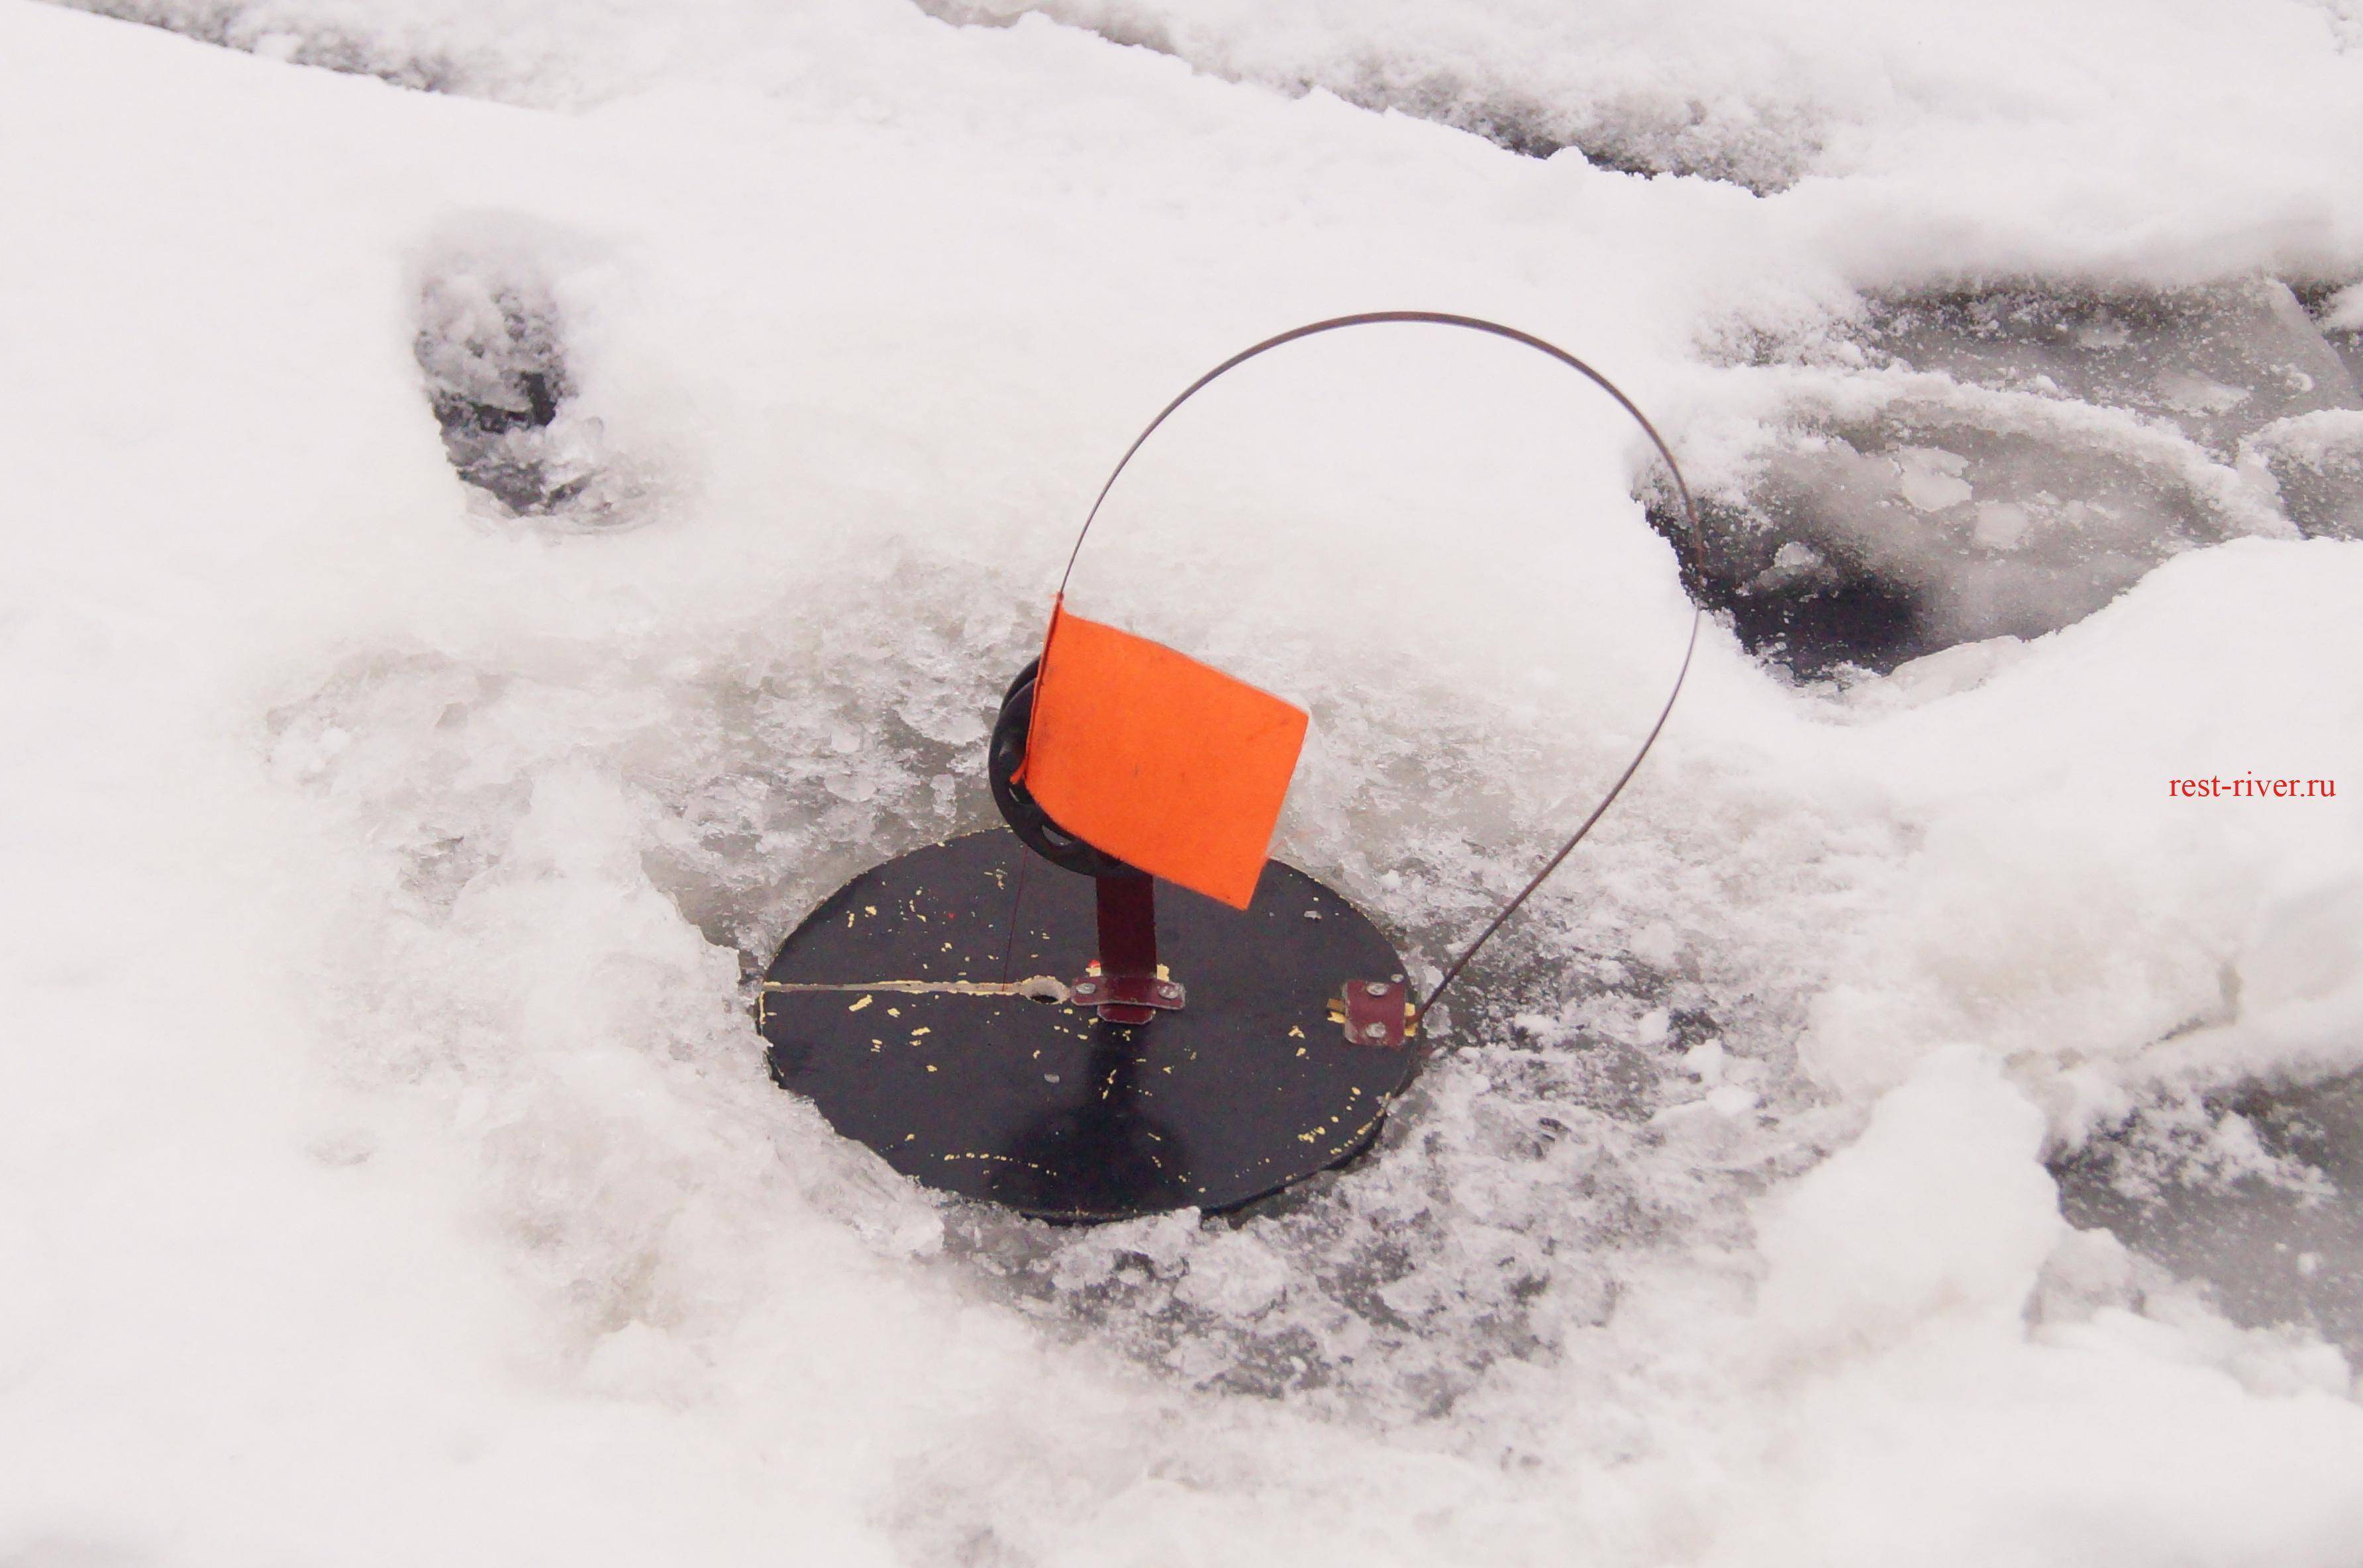 Нюансы оснащения зимней жерлицы в зависимости от условий ловли - спортивное рыболовство
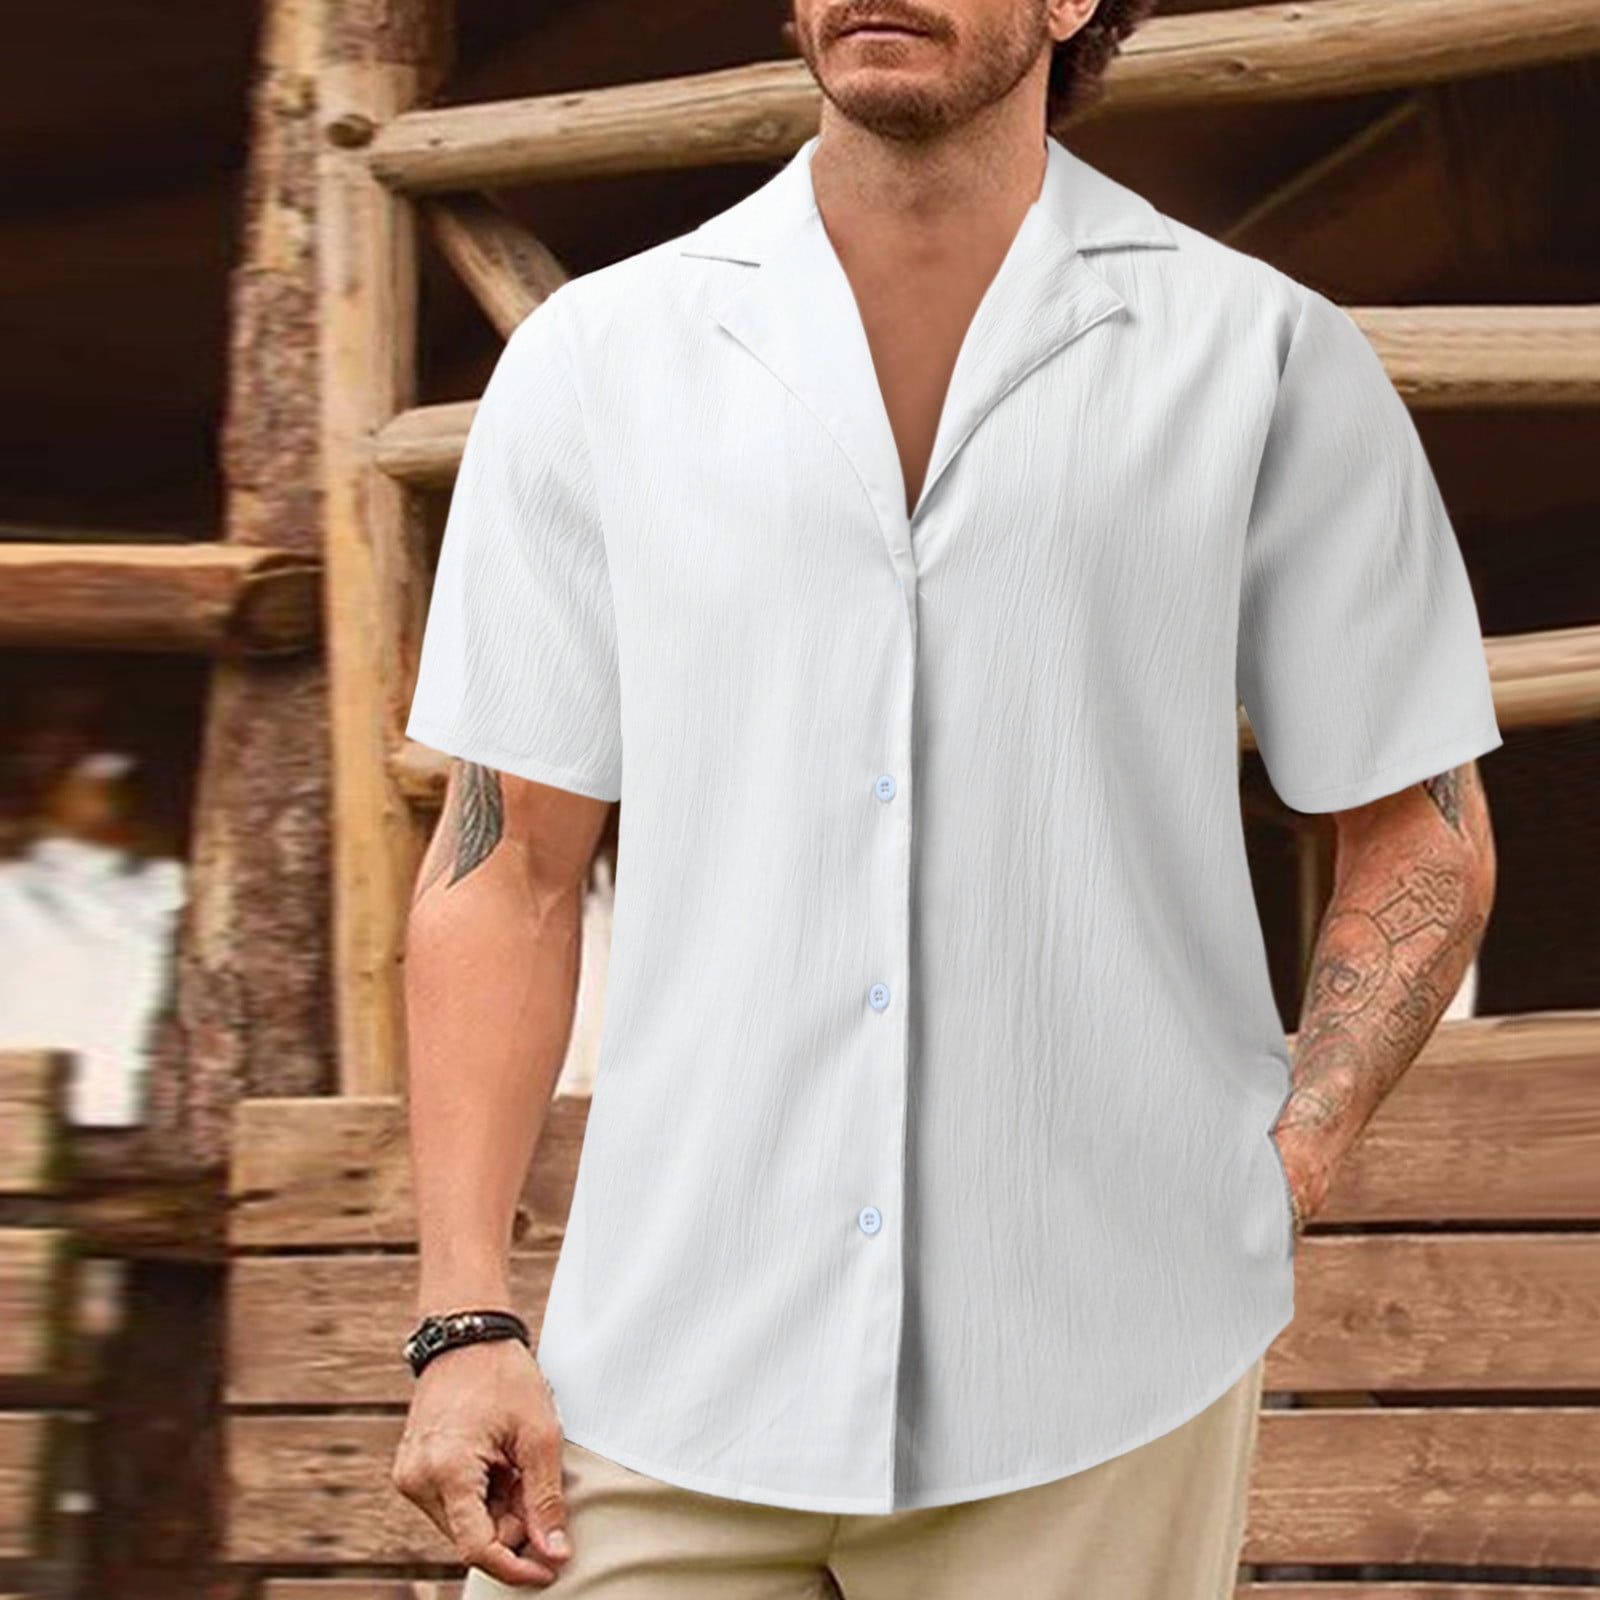 white men’s dress shirts
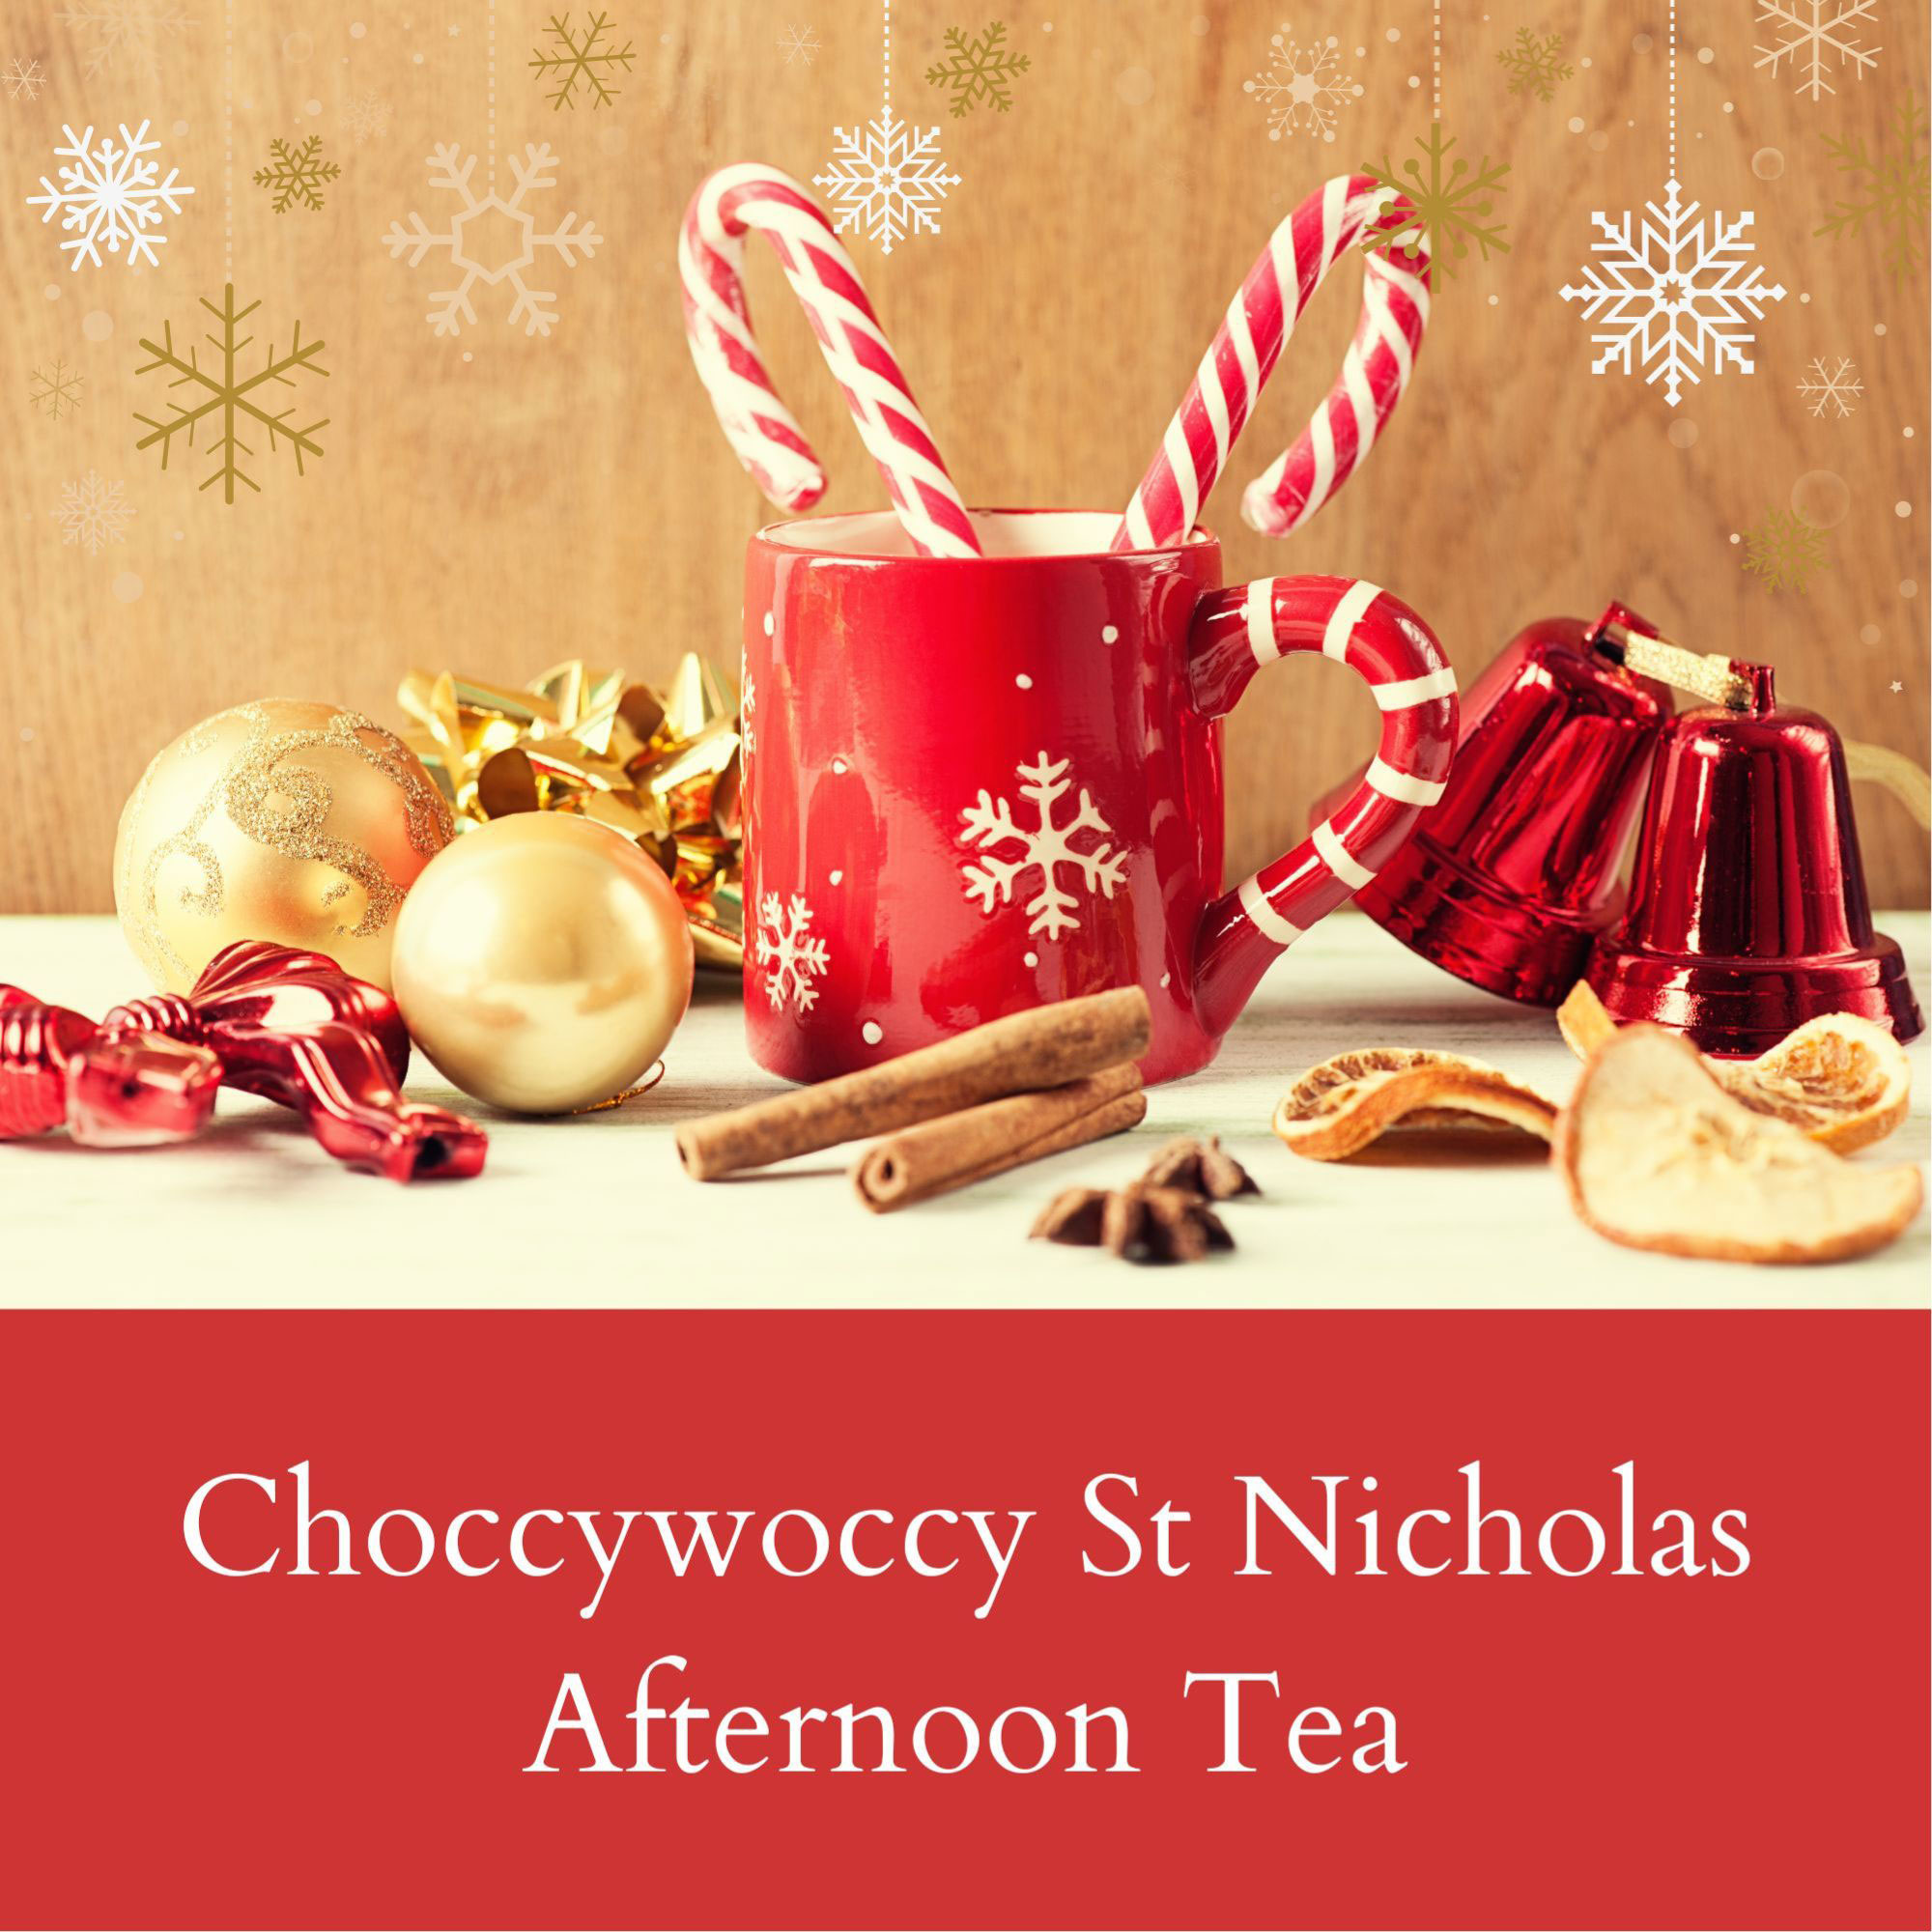 Choccywoccy St Nicholas Afternoon Tea

# [WHAT IS REQUIRED]
The expected output is the full material above, word for word, without pictures.

# [YOUR RESPONSE]
 Нюансы оснащения зимней жерлицы в зависимости от условий ловли - спортивное рыболовство
 white men’s dress shirts
 Choccywoccy St Nicholas Afternoon Tea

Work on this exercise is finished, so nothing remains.